A city traffic department wants to collect traffic data using swarm UAVs (drones) from a number of locations in the city and use the data collected for improving traffic flow in the city and for a number of other undisclosed projects.
- Your startup is responsible for creating a scalable data warehouse that will host the vehicle trajectory data extracted by analysing footage taken by swarm drones and static roadside cameras.
- The data warehouse should take into account future needs, organise data such that a number of downstream projects query the data efficiently.
- In Downloads – pNEUMA | open-traffic (epfl.ch) you can find a pNEUMA data: pNEUMA is an open large-scale dataset of naturalistic trajectories of half a million vehicles that have been collected by a one-of-a-kind experiment by a swarm of drones in the congested downtown area of Athens, Greece. Each file for a single (area, date, time) is ~87MB data.
Structure of the repository:
├── models (contains trained model)
├── .github (github workflows for CI/CD, CML)

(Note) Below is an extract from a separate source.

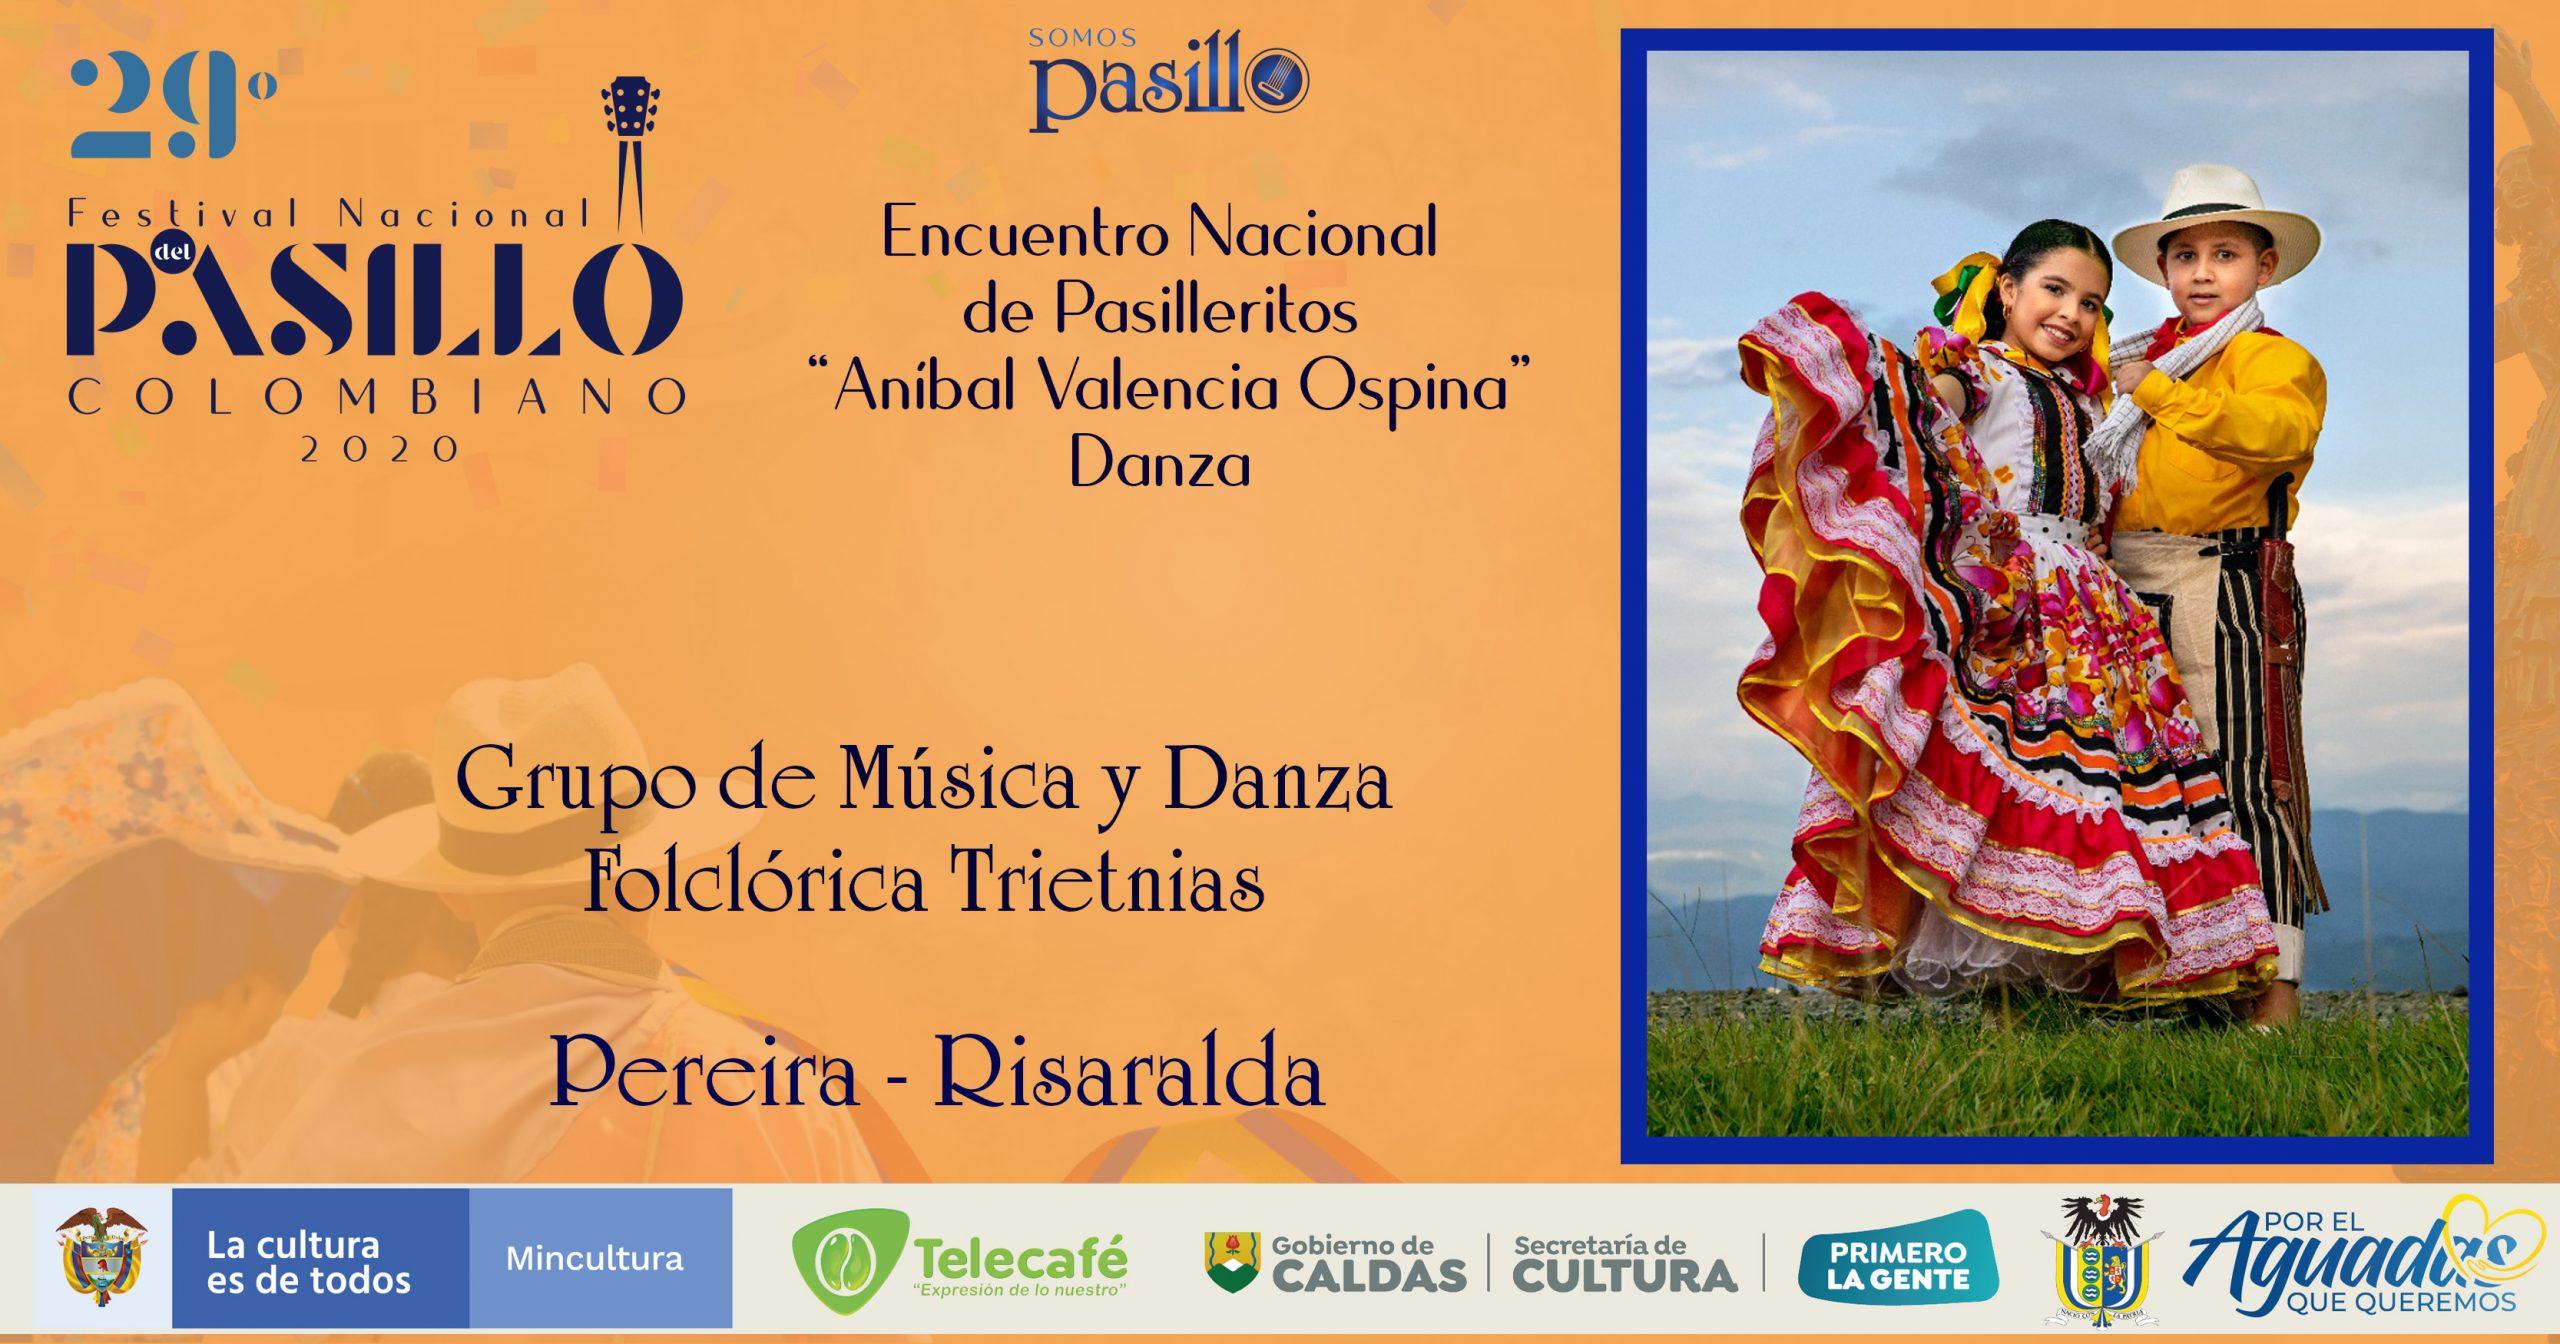 Grupo de Música y Danza Folclórica Trietnias

├── screenshots (Airflow DAG screenshots)
├── data (contains data versioning metedata)
├── scripts (contains the main script)
│ ├── logger.py (logger for the project)
│ ├── preprocessing.py (dataset preprocessing)
├── notebooks
│ ├── trajectory_data_EDA.ipynb
├── tests
│ ├── test_preprocessing.py (test for the preprocessing script)
├── README.md (contains the project description)
├── requirements.txt (contains the required packages)
|── LICENSE (license of the project)
└── .dvc (contains the dvc configuration)